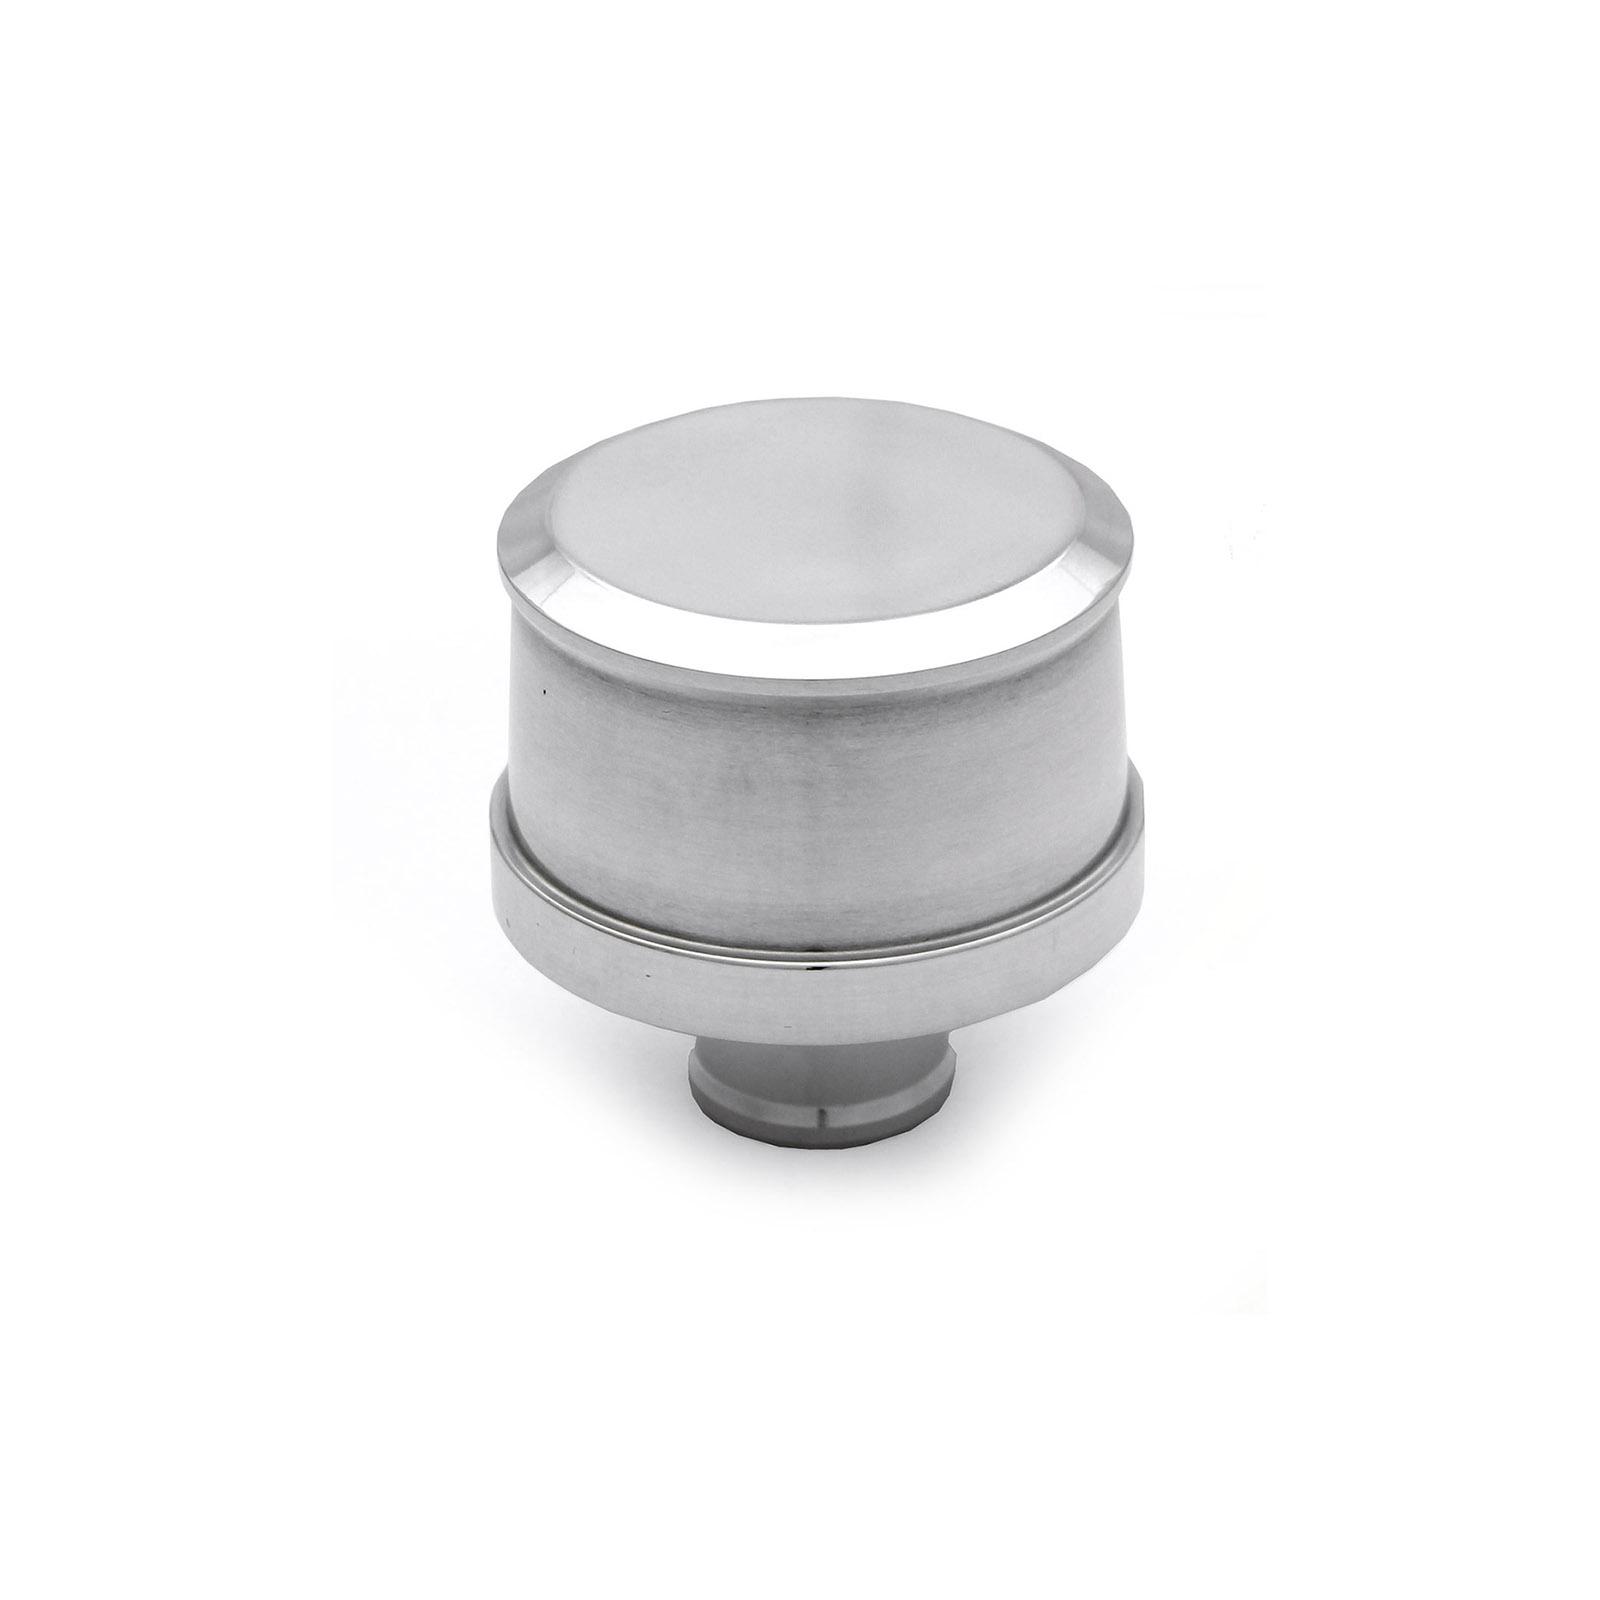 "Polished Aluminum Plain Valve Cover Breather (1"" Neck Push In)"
··········
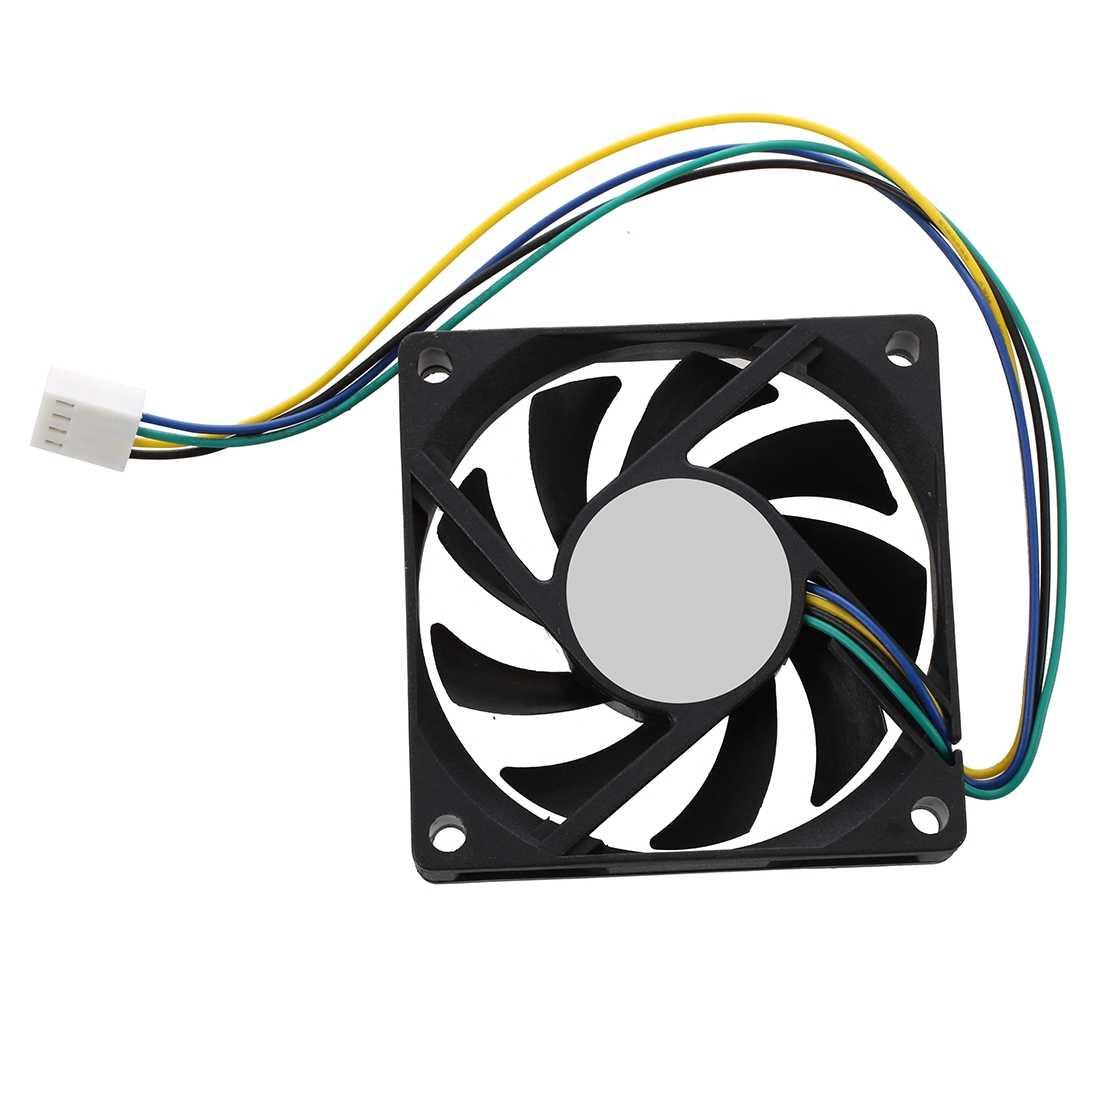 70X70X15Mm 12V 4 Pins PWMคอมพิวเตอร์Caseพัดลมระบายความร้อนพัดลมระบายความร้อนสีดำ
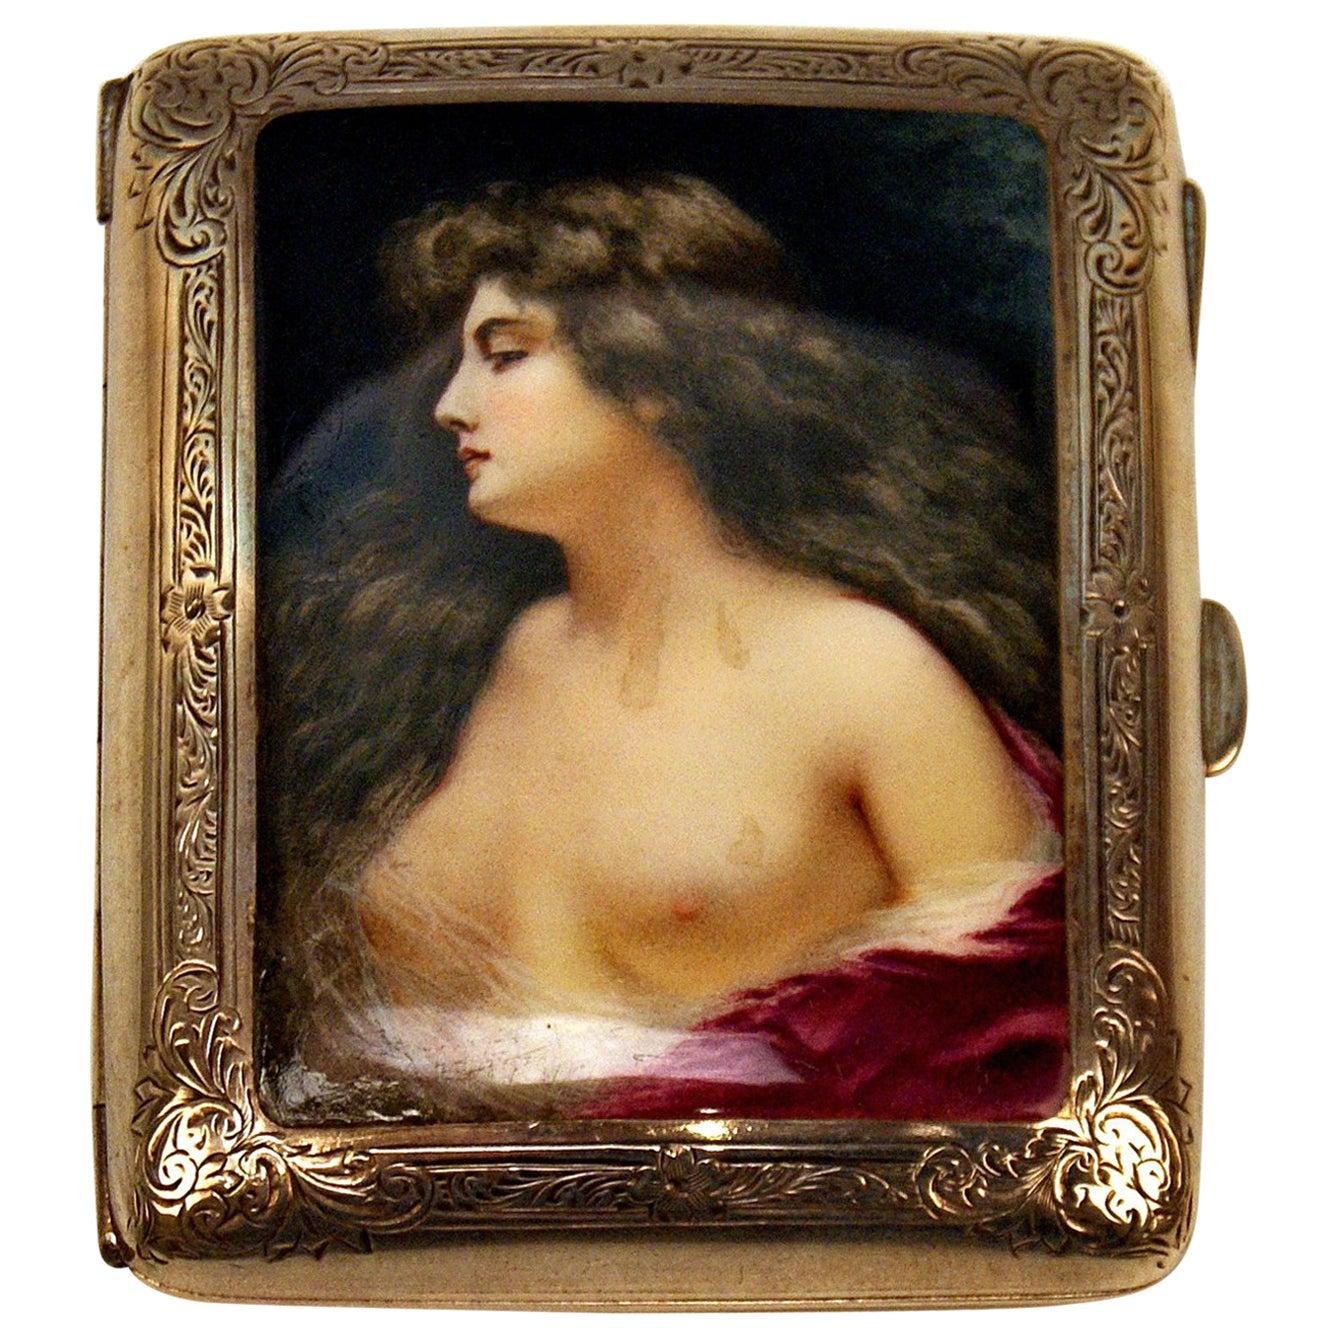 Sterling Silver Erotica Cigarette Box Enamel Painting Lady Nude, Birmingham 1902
··········
Within the entries above, give again exactly the lines starting at the one that contains "70X70X15Mm 12V 4" and ending at the one that contains "Sterling Silver Erotica", leaving out the pictures.

■ Problem solution ■
 70X70X15Mm 12V 4 Pins PWMคอมพิวเตอร์Caseพัดลมระบายความร้อนพัดลมระบายความร้อนสีดำ
 Sterling Silver Erotica Cigarette Box Enamel Painting Lady Nude, Birmingham 1902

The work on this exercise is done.